When the model starts to deteriorate, it should be revisited, for instance, it can be automatically retrained, or data scientists should have a look and maybe replace it altogether with a completely new model.

This entire ML lifecycle should be supported by a strong MLOps system, as it must be ensured that we:

have a reliable source of data and ability to turn the data into inputs for the models - easy access to data, means to turn raw data into a model input data, versioning of the data, legal aspects, GDPR, …
have means to do the training efficiently - enough computational power, support for necessary libraries, unified environment, tests, data availability, …
know how we trained the model - which version of the training code, which version of data/features, which parameters, etc., produced the particular version of the model, …
have a solid (re)deployment process - turning the model into an application, testing, turning the training code into an application, …
have solid operations on top of the model application - we know which version of the model is running in production, monitoring the application, monitoring the input/output data, …
can react to changing world and subsequent deterioration of the model - model performance monitoring and alerting process, retraining process, …

Multiple people have to talk to each other during this process: business people with the data scientists, data scientists with the data engineers and ML engineers, ML engineers with the platform engineers and ops people, etc. And they don't always understand each other very well. So it is absolutely essential to have suitable interfaces between all those. And this is what MLOps means to us.

MLOps subtopics at DataSentics

The problem is indeed extensive. Internally, we split the problem further into several subtopics:

Feature Store (one central place for storing and managing features (data inputs to machine learning models) across the company)
Experiment tracking (a place to track data scientific experiment runs)
Model registry (place to store the "ML model bundles" — model artefacts and other necessary files/metadata about the model)
Model deployment (the process of building, testing, and deploying both the model training application and model serving application)
Model operations (monitoring/logging/retraining/optimising the model application)
Model reproducibility & portability & interpretability (explainability)
Standardisation & reusability (template / API for data scientists to ease the development and deployment)
ExplainOps (management of model "explainers" and getting the explanation along with prediction)
MLaaS (Machine learning as a service = utilising specialised ML services for common ML tasks such as Azure Cognitive services for face recognition or AWS Polly for text translation)
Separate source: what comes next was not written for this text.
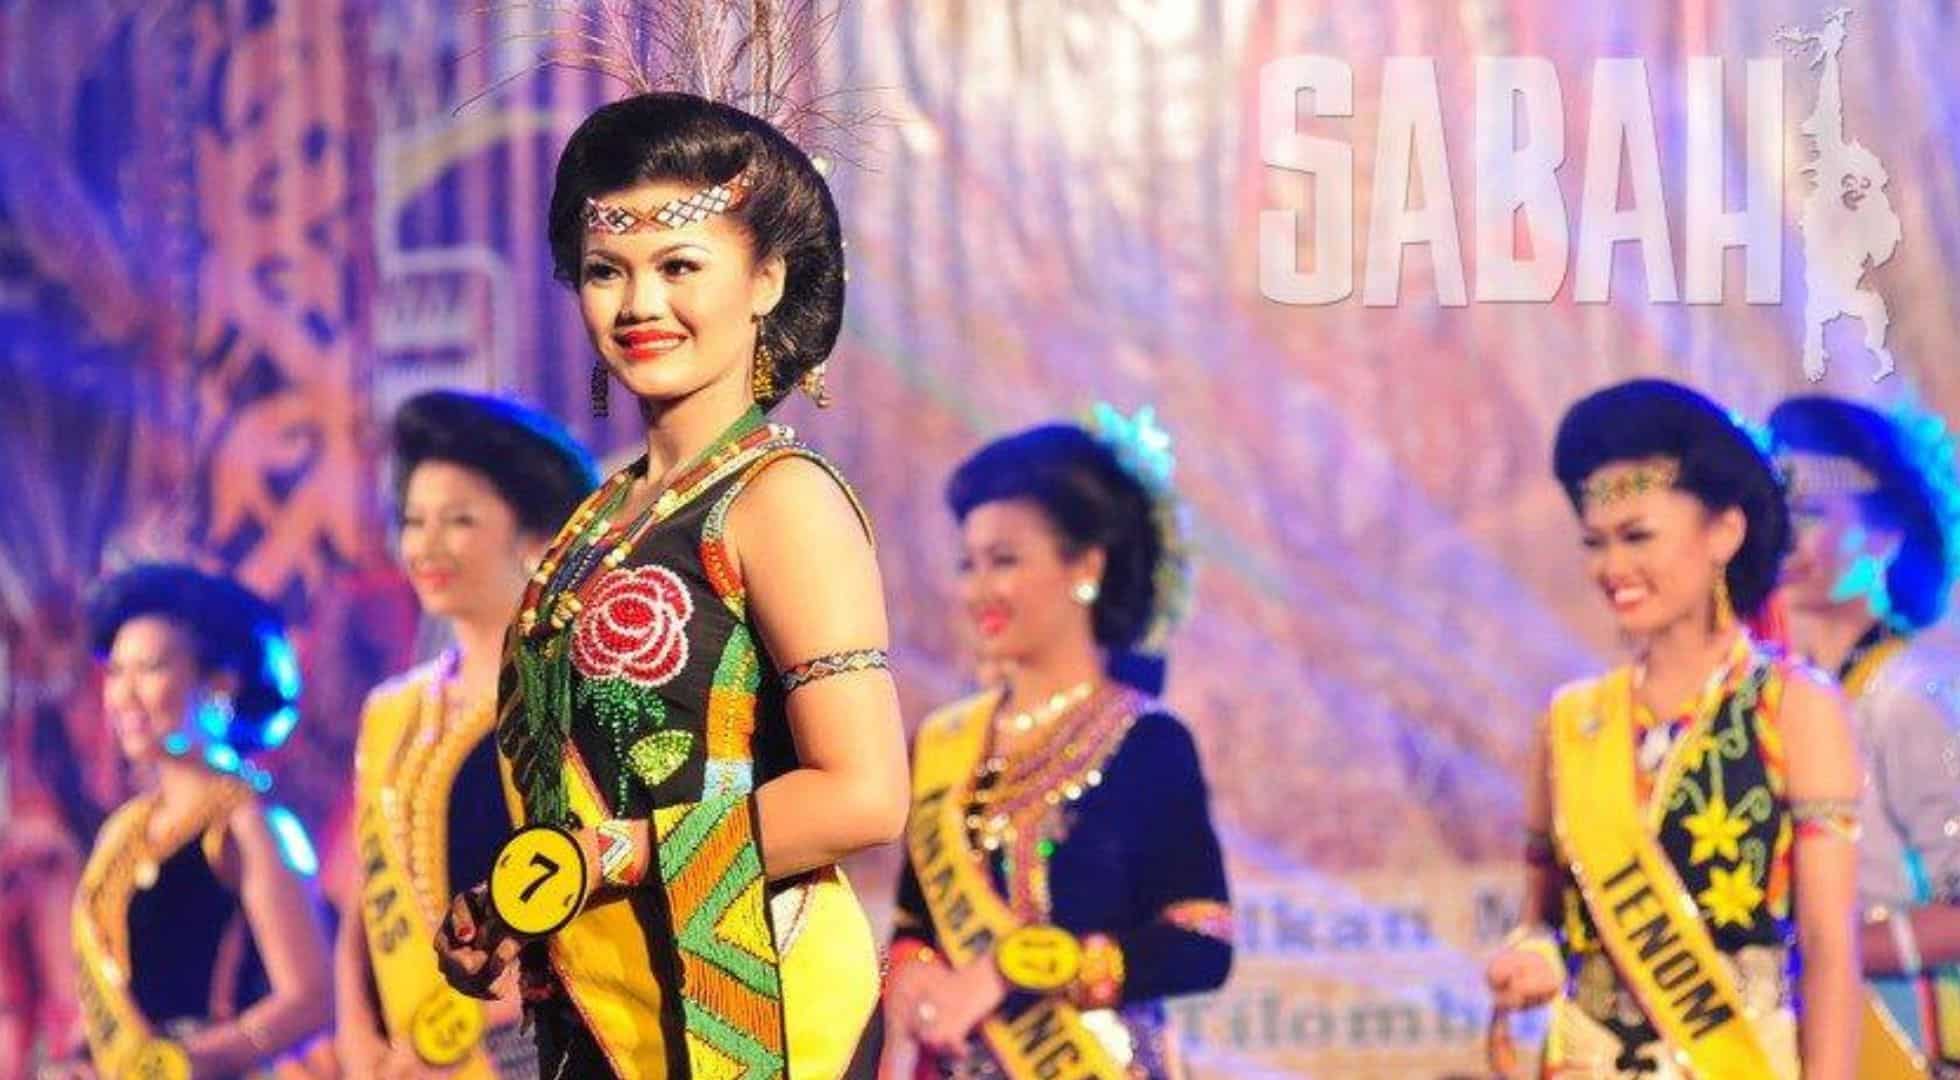 Festival panen di Malaysia yang menampilkan kontes kecantikan 
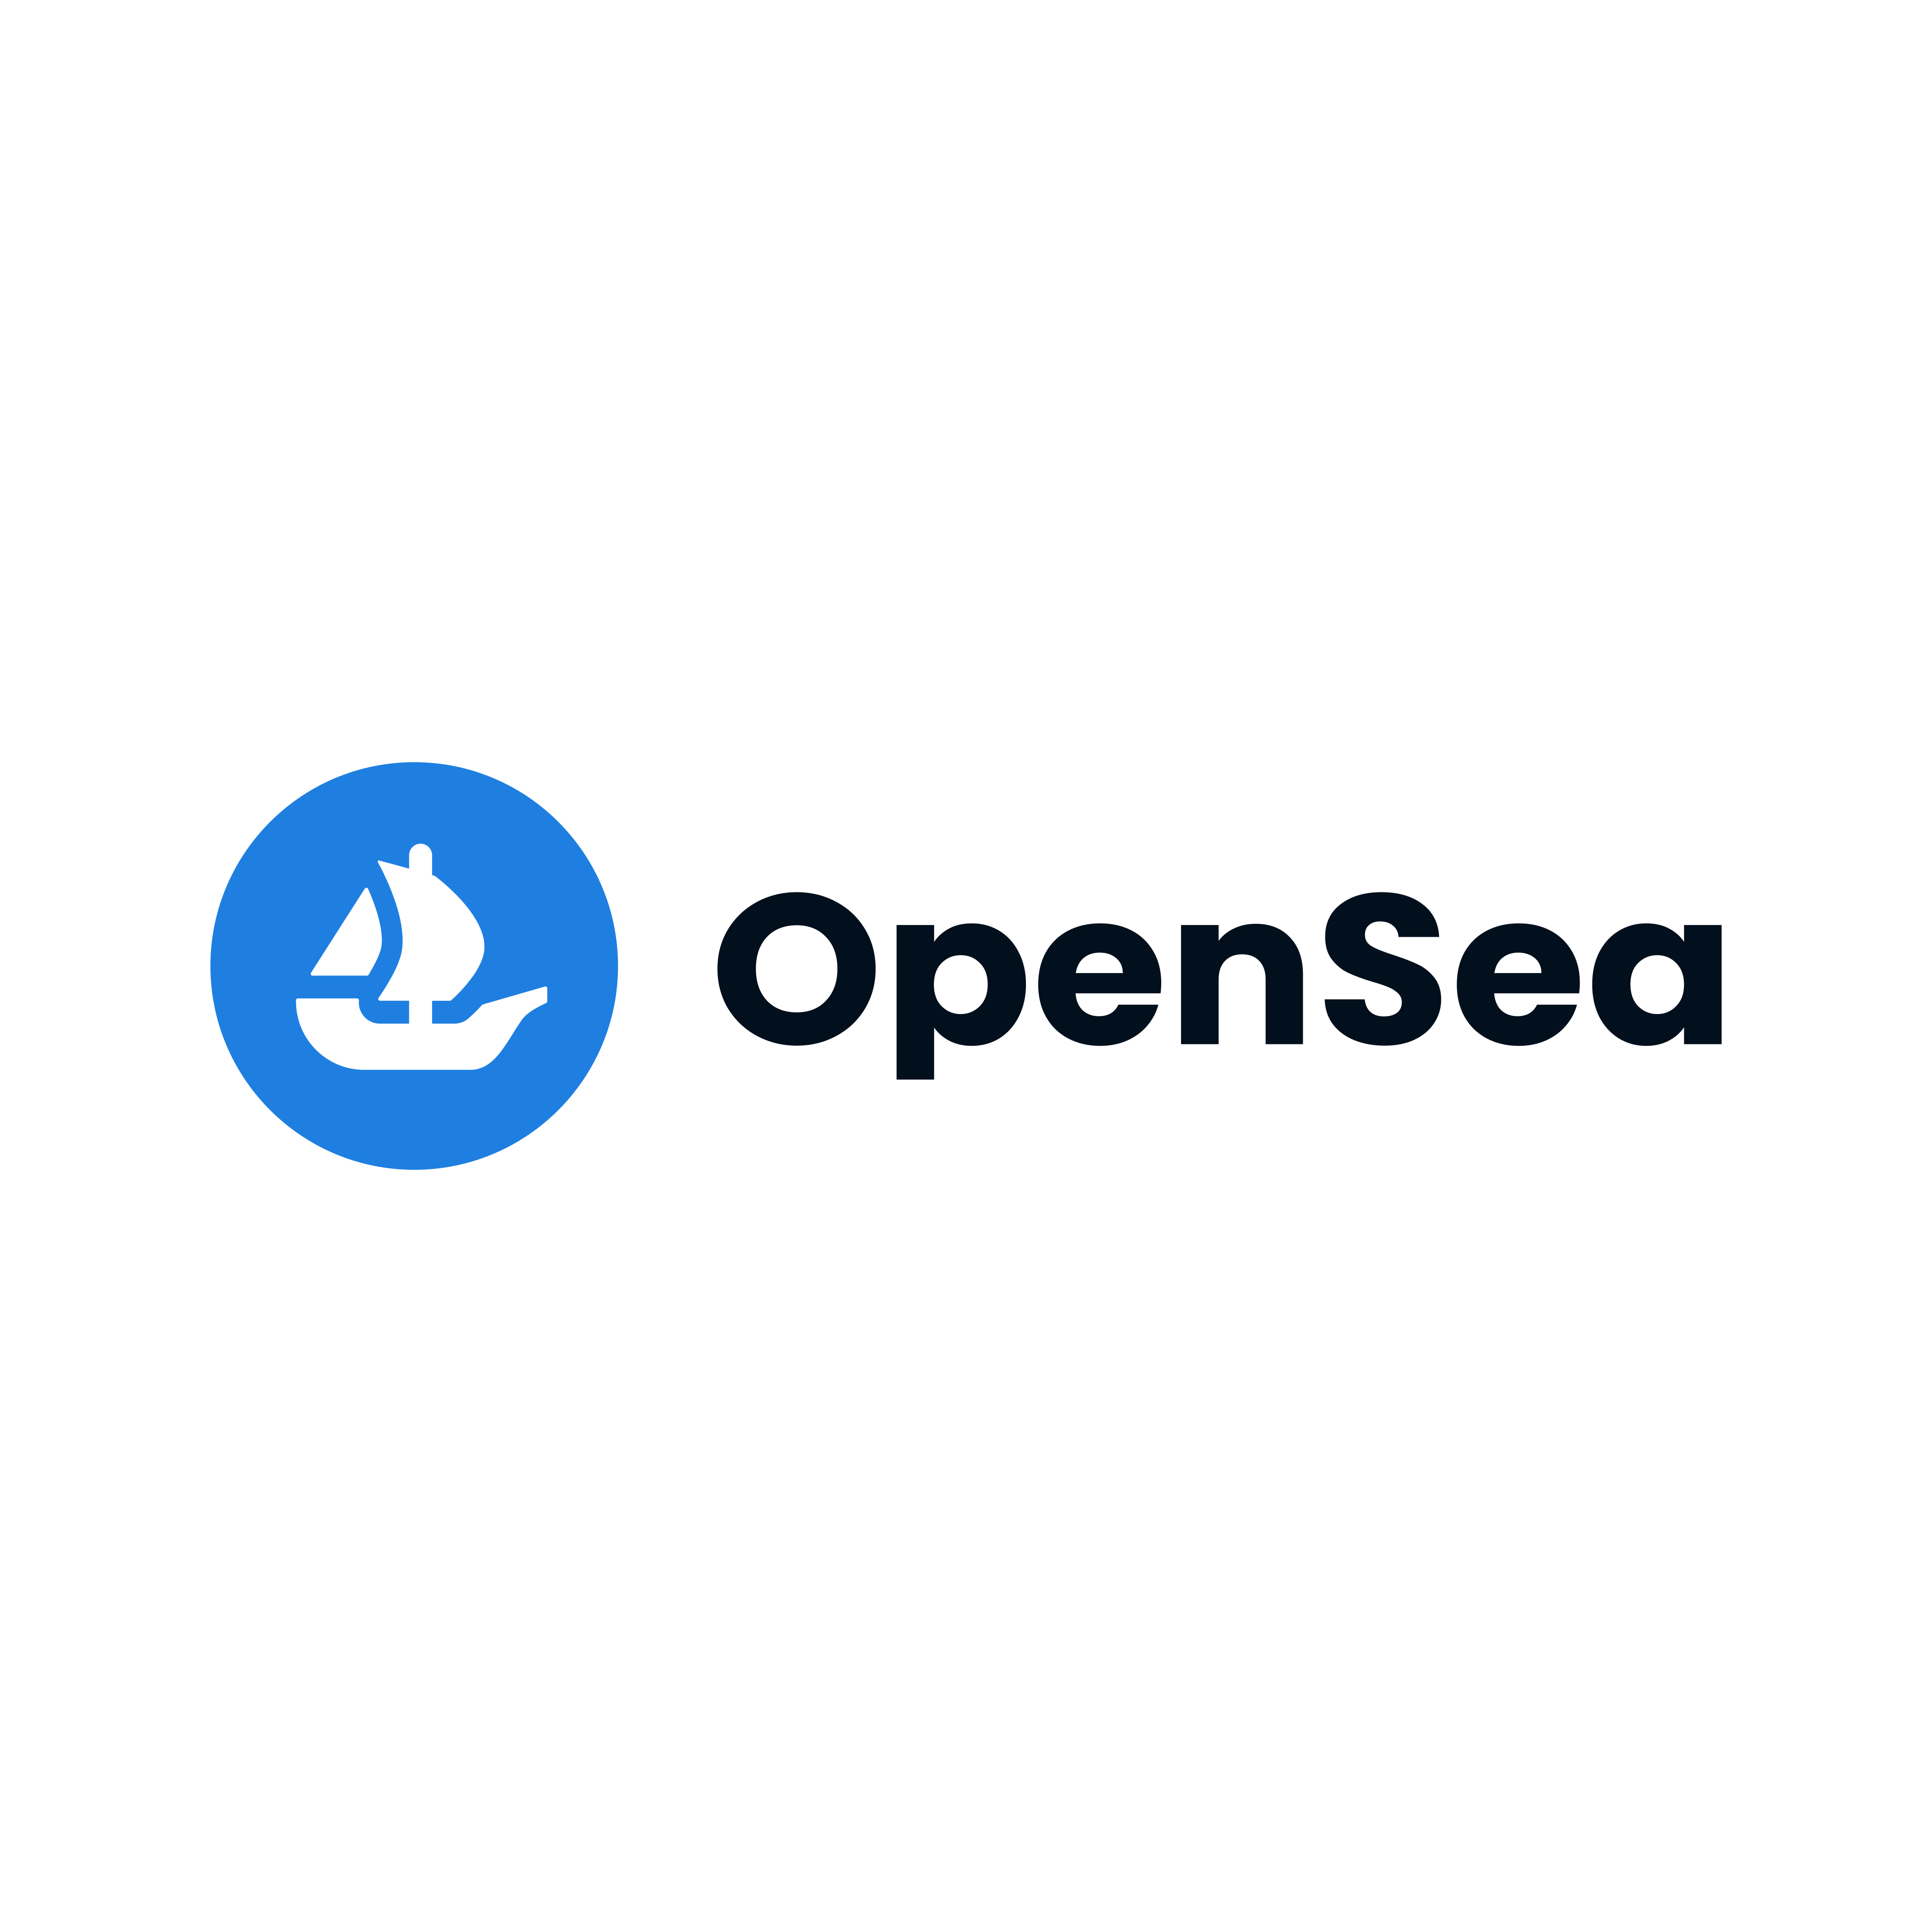 OpenSea Logo PNG.

Getting all these aspects right ensures a great and seamless model development and productionalisation experience for all people involved.

Conclusion

Our view on "MLOps" is probably a little broader than how others understand it. It is not only about the deployment of the model artefact as an API. It is really important for us to think about the model lifecycle holistically and cover all the steps and components.

This view stems from our experience running AI-powered products (both ourselves and of our clients). And as we saw the same problems and patterns emerging repeatedly, our engineers decided to build an entire array of tools and frameworks and best-practice standards (called the "AI Suite"). This addresses the complexities mentioned earlier and which we now use to develop every new ML-powered product.